Like people, dogs have brain areas that respond to voices
MRI study may help explain how pups understand human communication
By training pooches to lie absolutely still in a brain scanner, scientists have begun revealing the mysterious inner workings of the canine brain. Like their human companions, dogs use certain parts of their brains to detect voices, researchers report in the March 3 Current Biology.
What’s more, dog brains, like people’s, react to emotional cues. A playful yip, pleading whine and aggressive bark elicit varying levels of activity in a certain brain region. Human laughs or cries have similar effects on dogs’ brains, functional magnetic resonance imaging shows. The results might help explain how dogs sense their owners’ emotions.
“Dogs are really good at tuning into their owners’ feelings,” says study coauthor Attila Andics of MTA-ELTE Comparative Ethology Research Group in Budapest.

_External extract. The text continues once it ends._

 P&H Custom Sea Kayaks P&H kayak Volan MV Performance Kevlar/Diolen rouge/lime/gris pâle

But until this study, he adds, “we just had no idea what goes on in their brain.”
Andics and colleagues trained six border collies and five golden retrievers to lie still inside an fMRI scanner for more than six minutes at a time (the data were useless if a dog moved more than three millimeters). The dogs actually enjoyed their tedious job. “You should just see how these dogs love to go to the scanner,” Andics says. “They just cannot wait to be the next one.”

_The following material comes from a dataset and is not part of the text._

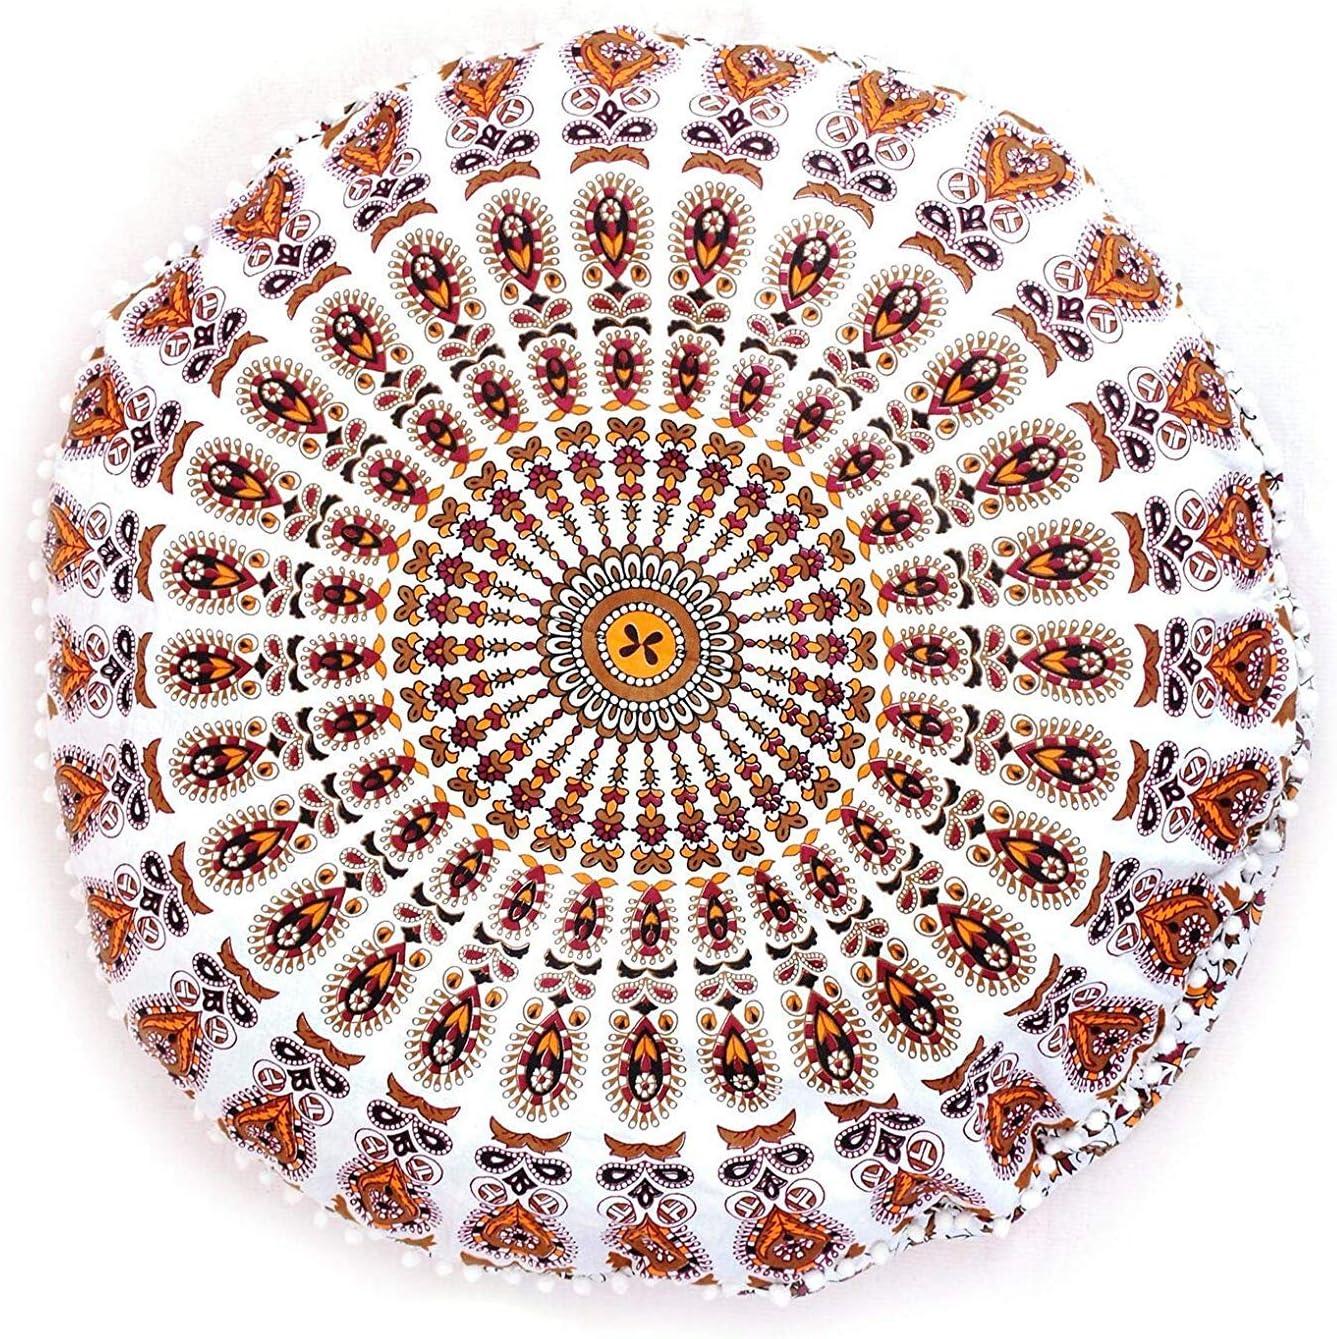 Psychedelic Horoscope Astrology Zodiac Sign Pouf Tie Dye Boho Indian Large Shams Celestial Virgo Sun Moon Stars Symbol Modern Floor Pillows Cushion Seating Throw Cover Decor Round Meditation Ottoman
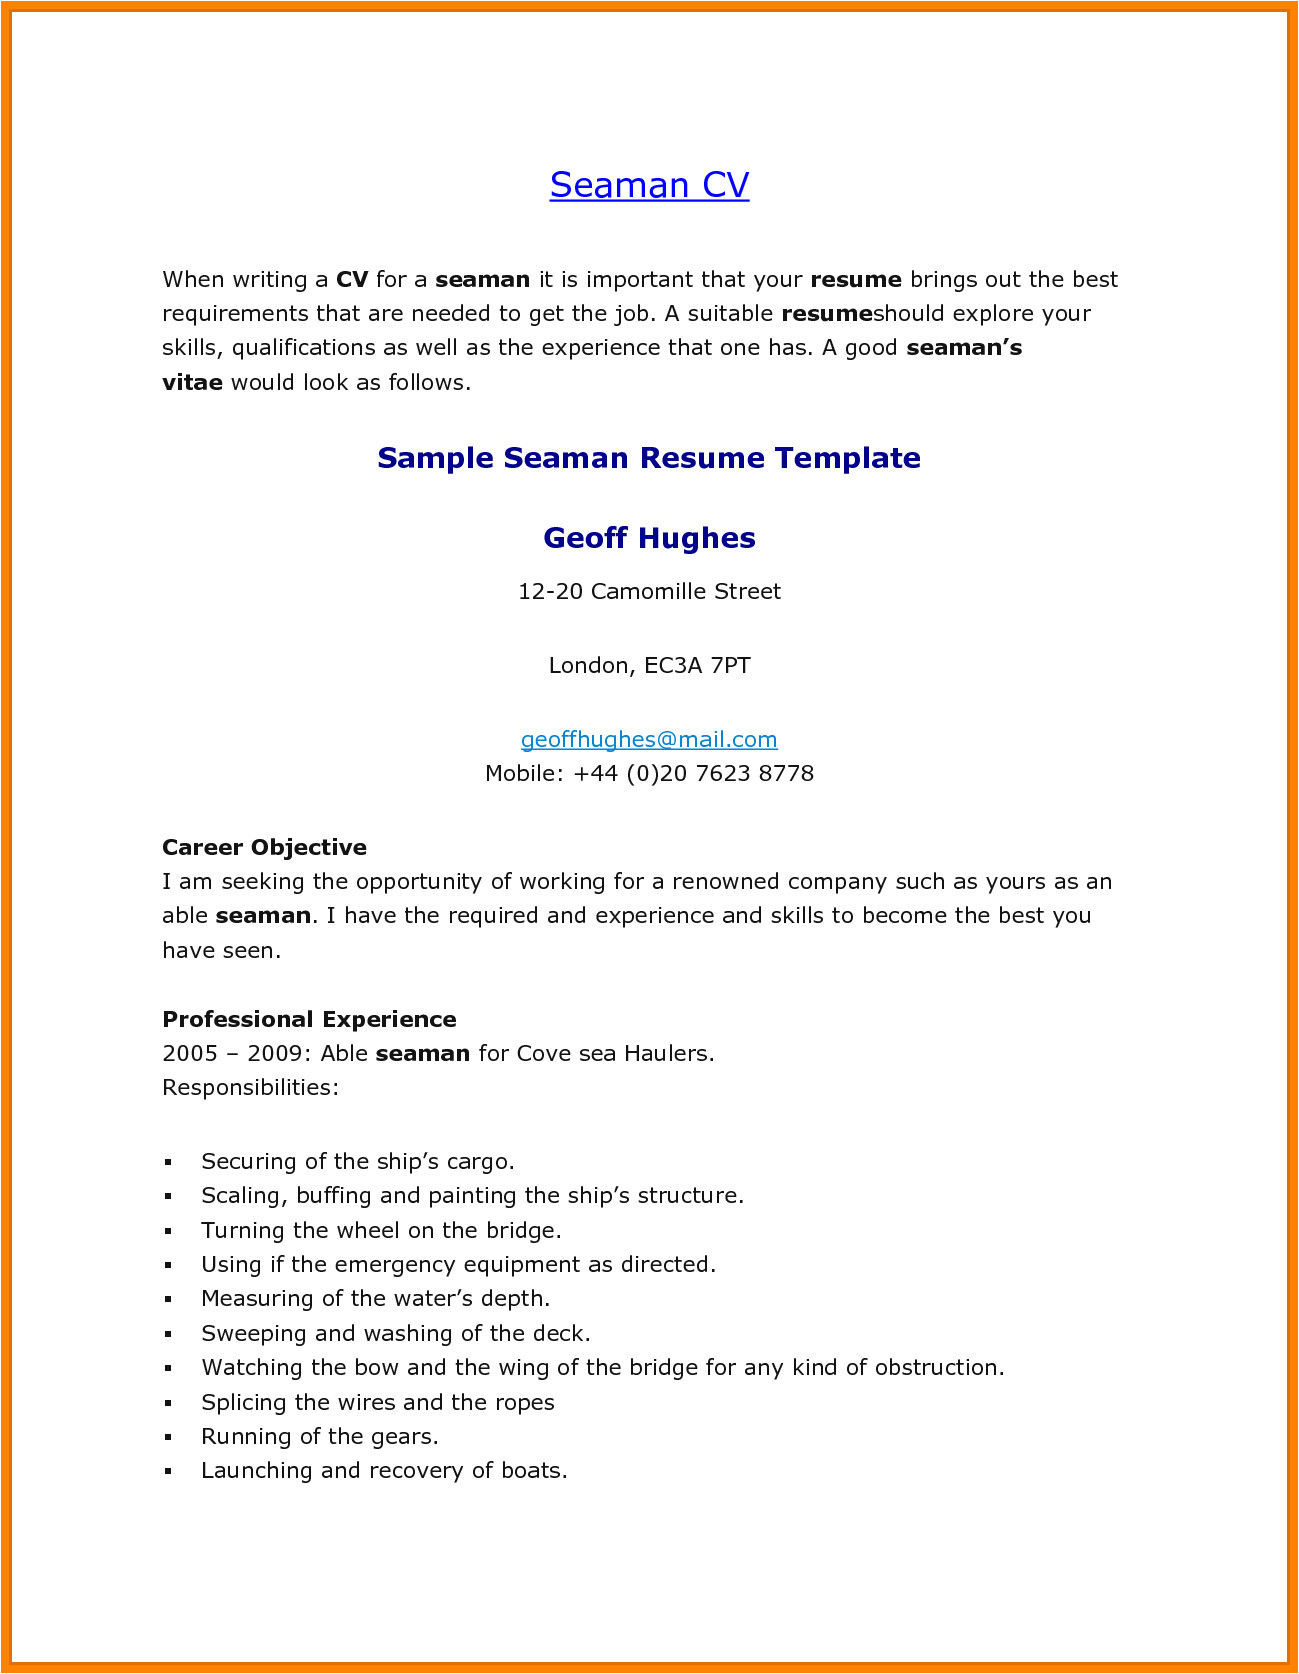 resume sample format for seaman

During the scan, the dogs listened to a recording of people crying, laughing and shouting (no speech was included) and dogs barking angrily, whining and yipping playfully. When dogs heard canine vocalizations, regions in the front part of the primary auditory cortex, a swath of neural tissue in the middle of the brain that helps detect sound, became active. These regions are analogous to brain locales in humans that respond to human voices, the team found by playing the same recording for 22 people undergoing fMRI scans.In both dogs and people, other brain regions near the primary auditory cortex were more active when hearing happier noises, regardless of whether the voice belonged to a dog or a person. Laughing and joyful barks elicited greater responses than crying and growling, for instance.

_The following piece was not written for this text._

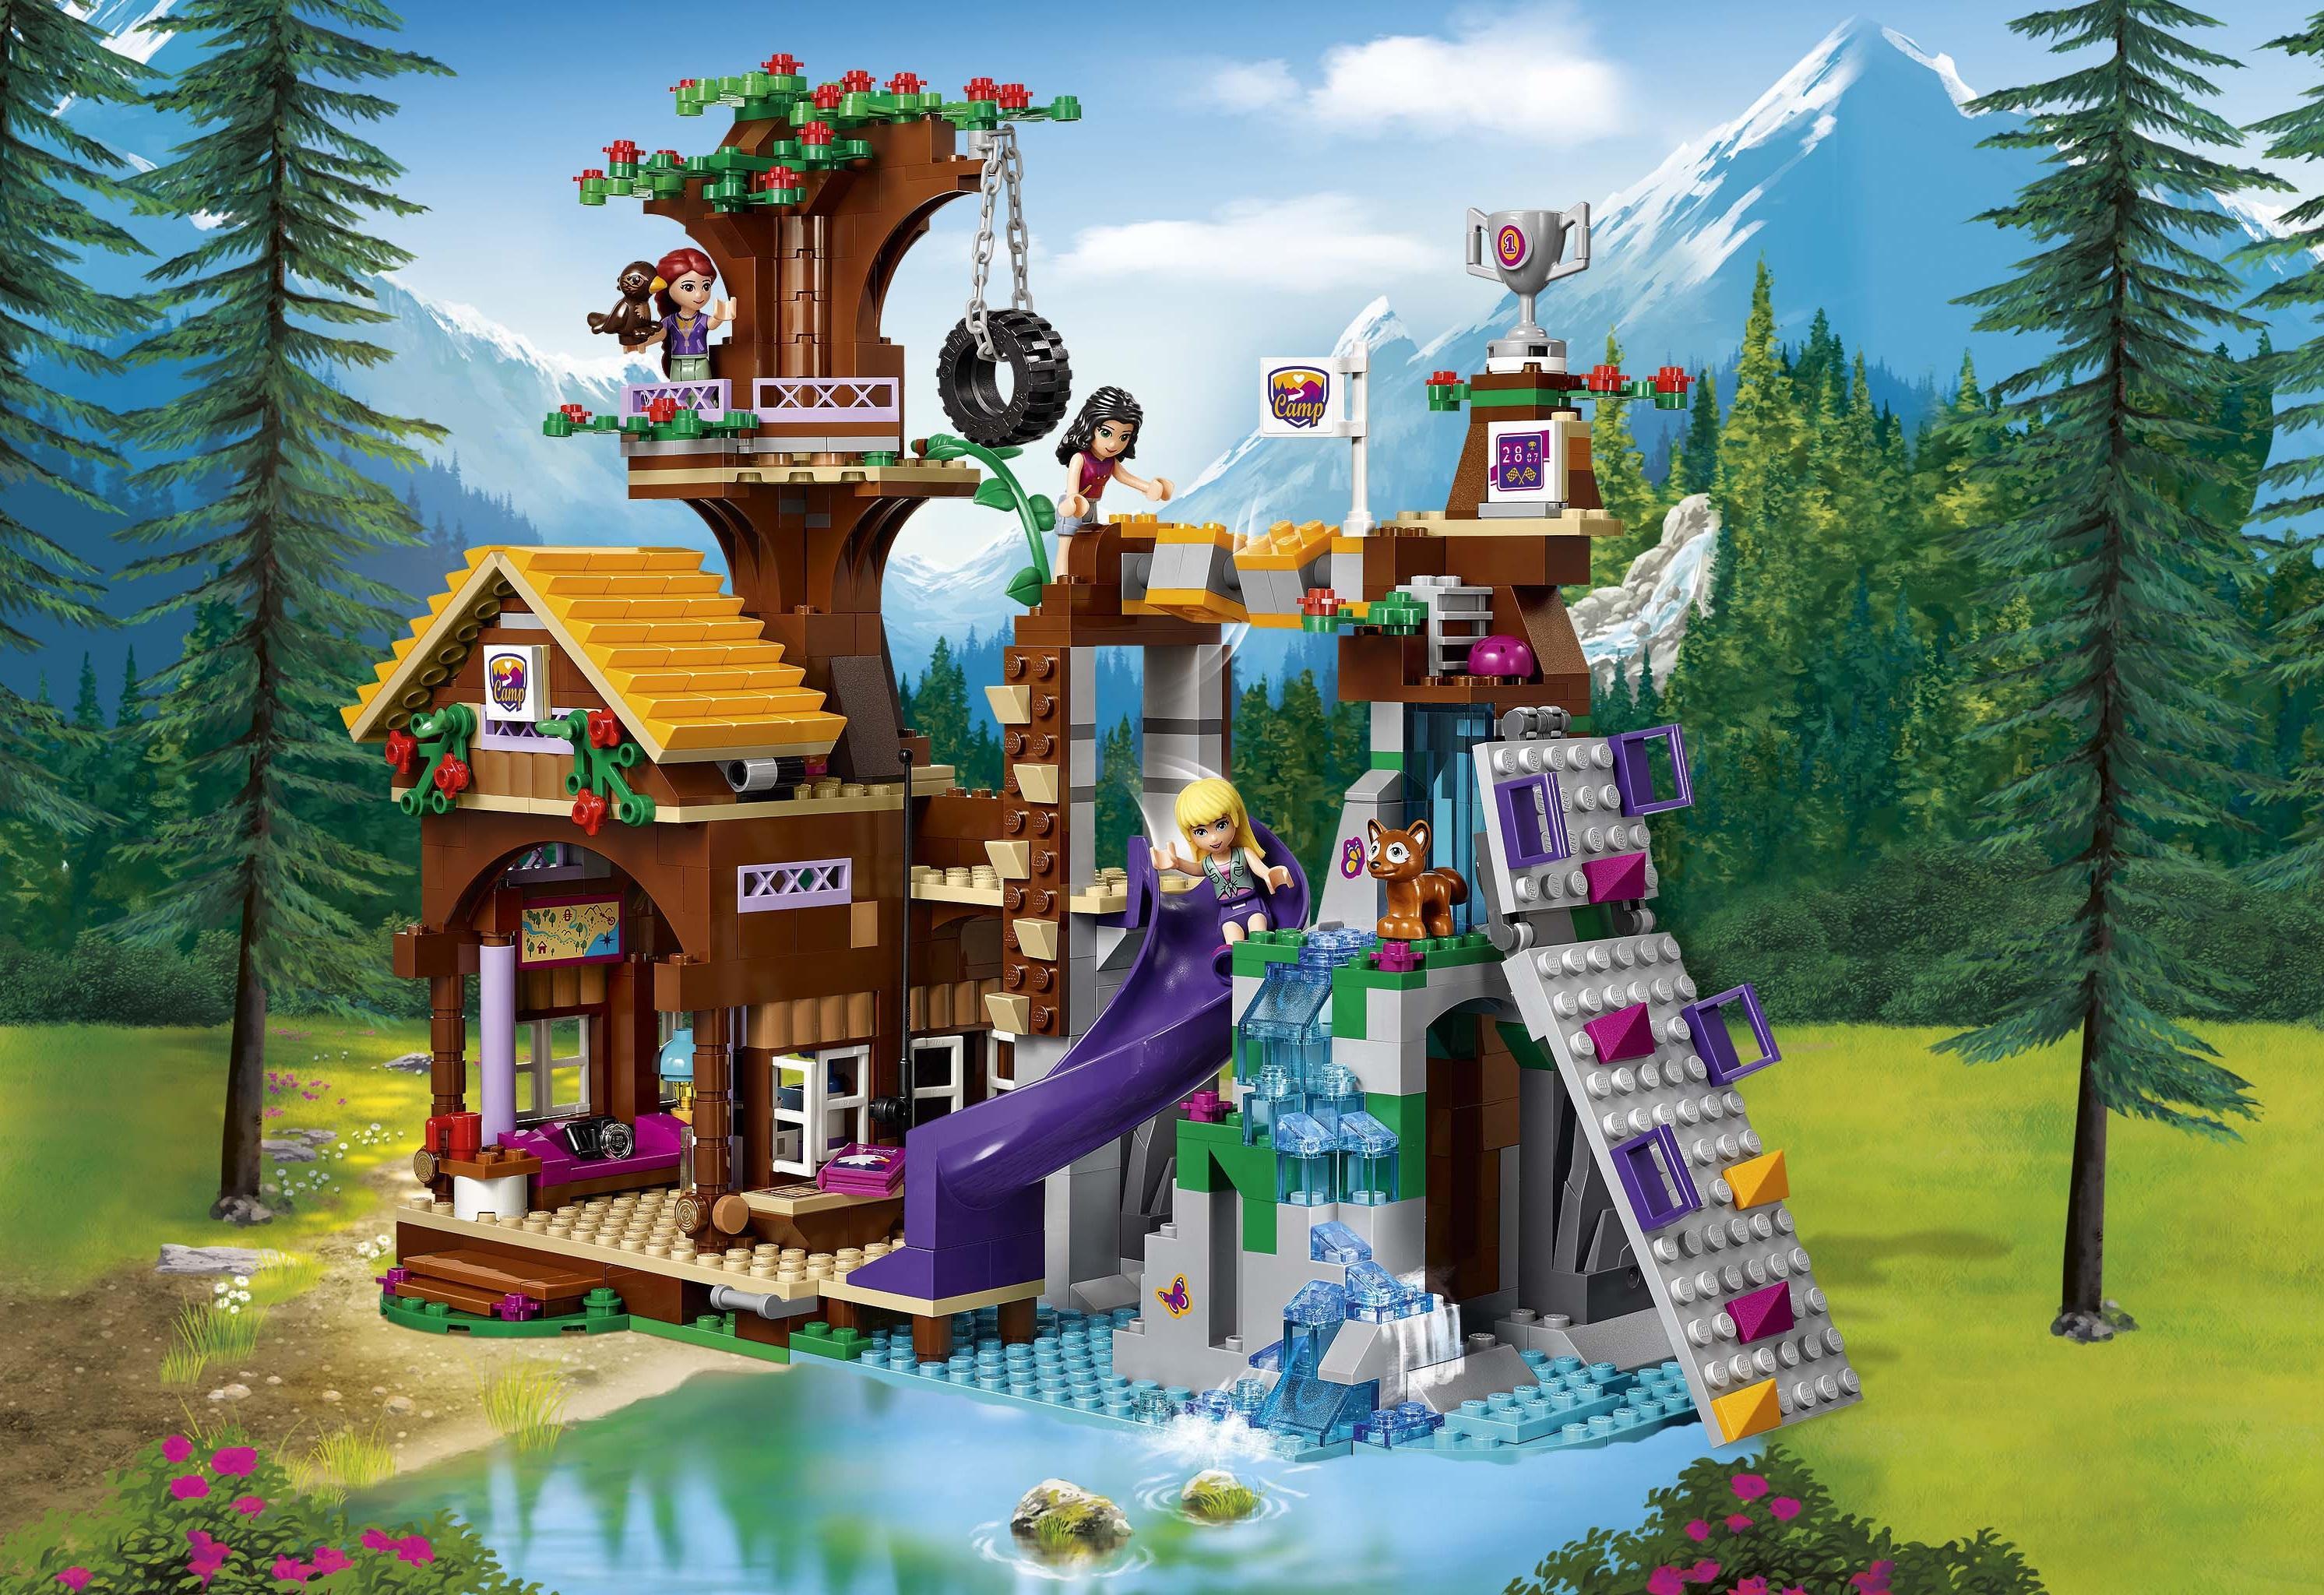 Lego friends 41122 abenteuercamp baumhaus for Amazon casa

Neuroscientist and psychologist Pascal Belin of the University of Glasgow in Scotland cautions that those areas may respond to acoustical differences in the sounds, not the emotion itself. Nonetheless, the new results are plausible to anyone with a pooch. “Without even doing science, if you own a dog, you clearly see that a dog is able to recognize your identity and your emotional state,” Belin says.
The human-dog comparison also revealed an interesting difference: The vast majority of sound-responsive areas in the human brain react more strongly to human voices than to sounds from the environment, such as a thunderstorm, a ringing phone or a car horn. In dogs, almost half of the analogous areas respond more strongly to nonvocal environmental sounds. That finding highlights how sensitive the human brain is to voices, Andics says.
It would be fascinating to scan the brains of other animals such as wolves or cats, Andics says, but coaxing those animals to lie still for an fMRI scan is a long shot. He and his colleagues plan on running more experiments to see how the dog brain handles smells, sights and speech.